A newfound cache of 44 blobs of gas sits in a sea of molecular clouds swirling around the black hole, a monster weighing roughly as much as 4 million suns. The blobs are probably low-mass stars ringed by dusty, planet-forming disks, Farhad Yusef-Zadeh, an astrophysicist at Northwestern University in Evanston, Ill., and colleagues report in the March 10 Astrophysical Journal Letters.
Yusef-Zadeh and colleagues discovered the possible planet nurseries with the Very Large Array radio observatory near Socorro, N.M. A band of nearby massive stars bathes the disks with ultraviolet radiation, and the disks respond by emitting detectable radio waves.

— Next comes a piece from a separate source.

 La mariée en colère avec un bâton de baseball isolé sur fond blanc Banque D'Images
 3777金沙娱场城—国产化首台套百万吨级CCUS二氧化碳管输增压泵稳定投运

The fact that the blobs don’t also emit infrared light indicates that the stars that host these nascent solar systems aren’t very massive, Yusef-Zadeh says, which means disks can survive around them; stellar heavyweights would radiate lots of infrared light as well.
The gas blobs resemble some young stars in the Orion Nebula, which at about 1,300 light-years away is the closest stellar nursery to Earth. These stars are encircled by disks, many of which are being eroded by a bright, massive star in the nebula (SN Online: 3/13/14). Bow shocks, streams of charged particles caused by colliding gas streams, curve like the wake of a boat around some of these young stars. The radio maps of the galactic center show bow shocks forming around many of the gas clumps there as well, Yusef-Zadeh says, which means the two environments might have a lot in common.
Astrophysicist Reinhard Genzel is open to the idea of planets forming near the black hole, but he isn’t yet convinced. He suspects that the clumps of gas are ephemeral and temporarily arise out of all the turbulence in the region. “It’s a little premature at this point to say ‘Hooray, we have planets!’” says Genzel, of the Max Planck Institute for Extraterrestrial Physics in Garching, Germany. Gas clouds that could collapse to form stars in other parts of the galaxy don’t stand a chance near a supermassive black hole. The gravity of the black hole tends to stretch and squeeze gas clouds into long ribbons. Yusef-Zadeh notes that the squeezing could trigger star formation, though Genzel says there’s no evidence that the gas is dense enough to overcome the black hole’s pull.
If planets were to form, it’s not clear what would become of them. They would be caught in a gravitational tug-of-war between their host stars and the black hole. Not many people have thought about planet formation near a black hole, Yusef-Zadeh says. What kinds of planets could form? Would they survive? “These are all interesting questions,” he says, “but we don’t really know.”